Here’s the pandas dataframe that I’m using to learn how to do this:
import pandas as pd
test_list = pd.DataFrame()
test_list["Item"] = ["A", "B", "C", "D", "E", "F", "G", "H", "I", "J", "K"]
test_list["Number"] = ["1", "2", "3", "4", "5", "6", "7", "8", "9", "10", "11"]
test_list["Combined Numbers"]= ""
Based on that dataframe above, I intend to combine up to 3 numbers, separated by commas.
Following that, I intend to repeat this combined value I now have, for each of the test_list["Item"] and test_list["Number"] involved.
I’ve been scratching my head figuring it out so far. So far I’ve seen examples of groupby() function for situations like combining information based on a given criteria, like a duplicate value from a column. I’m learning to explore if I don’t have anything to refer to, how can I work this out instead?
Here’s my intended goal:
| Item | Number | Combined Numbers |
|---|---|---|
| A | 1 | 1, 2, 3 |
| B | 2 | 1, 2, 3 |
| C | 3 | 1, 2, 3 |
| D | 4 | 4, 5, 6 |
| E | 5 | 4, 5, 6 |
| F | 6 | 4, 5, 6 |
| G | 7 | 7, 8, 9 |
| H | 8 | 7, 8, 9 |
| I | 9 | 7, 8, 9 |
| J | 10 | 10, 11 |
| K | 11 | 10, 11 |
Thank you
>Solution :
In you case as you don’t have this column with the groups, you can generate a range of the length of your dataframe (with np.arange) and do the floor division by 3 (//3).

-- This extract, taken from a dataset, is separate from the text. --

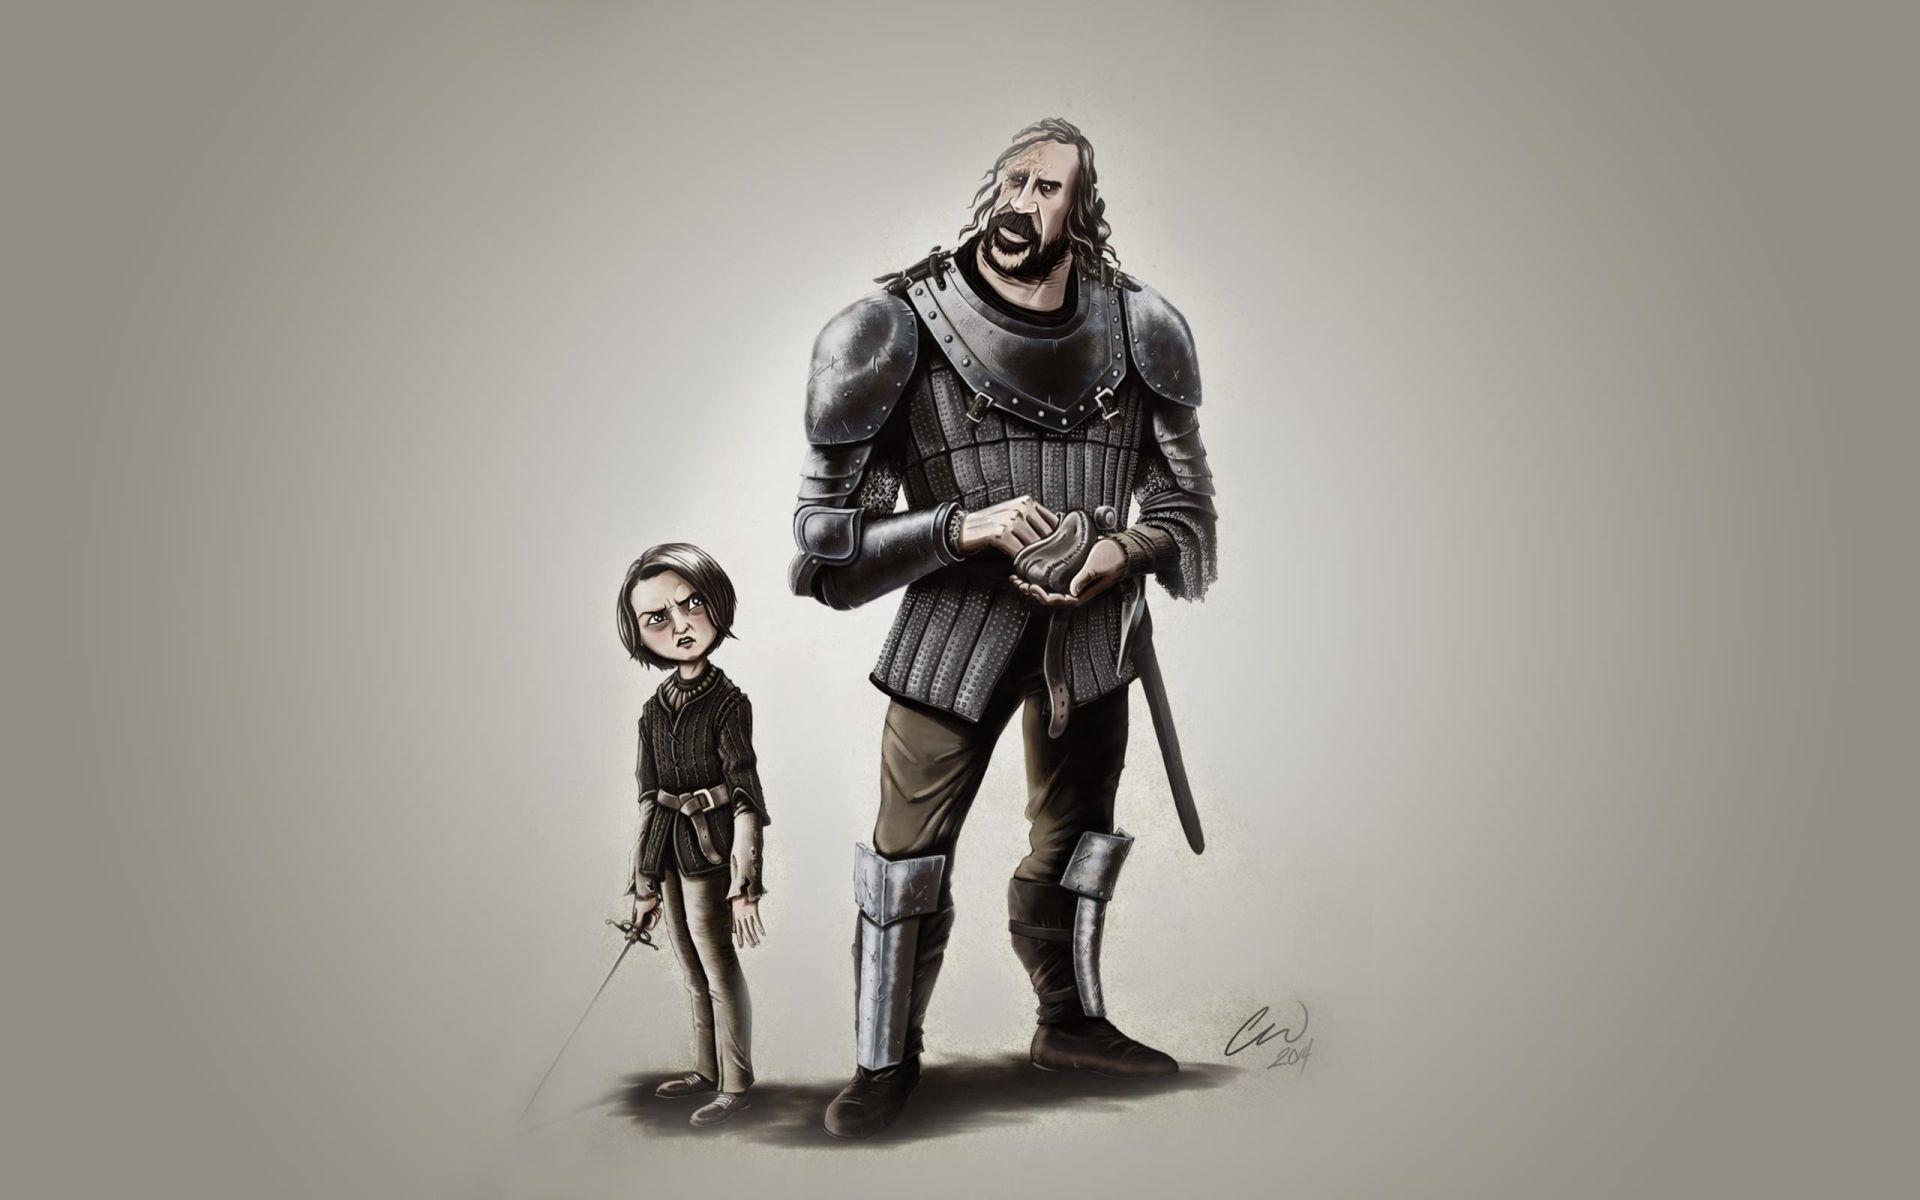 Game of Thrones fanart

Use groupby.transform to keep the original shape of your data and do the join operation on the column.
test_list["Combined Numbers"] = (
test_list.groupby(np.arange(len(test_list))//3)
['Number'].transform(', '.join)
)
print(test_list)
# Item Number Combined Numbers
# 0 A 1 1, 2, 3
# 1 B 2 1, 2, 3
# 2 C 3 1, 2, 3
# 3 D 4 4, 5, 6
# 4 E 5 4, 5, 6
# 5 F 6 4, 5, 6
# 6 G 7 7, 8, 9
# 7 H 8 7, 8, 9
# 8 I 9 7, 8, 9
# 9 J 10 10, 11
# 10 K 11 10, 11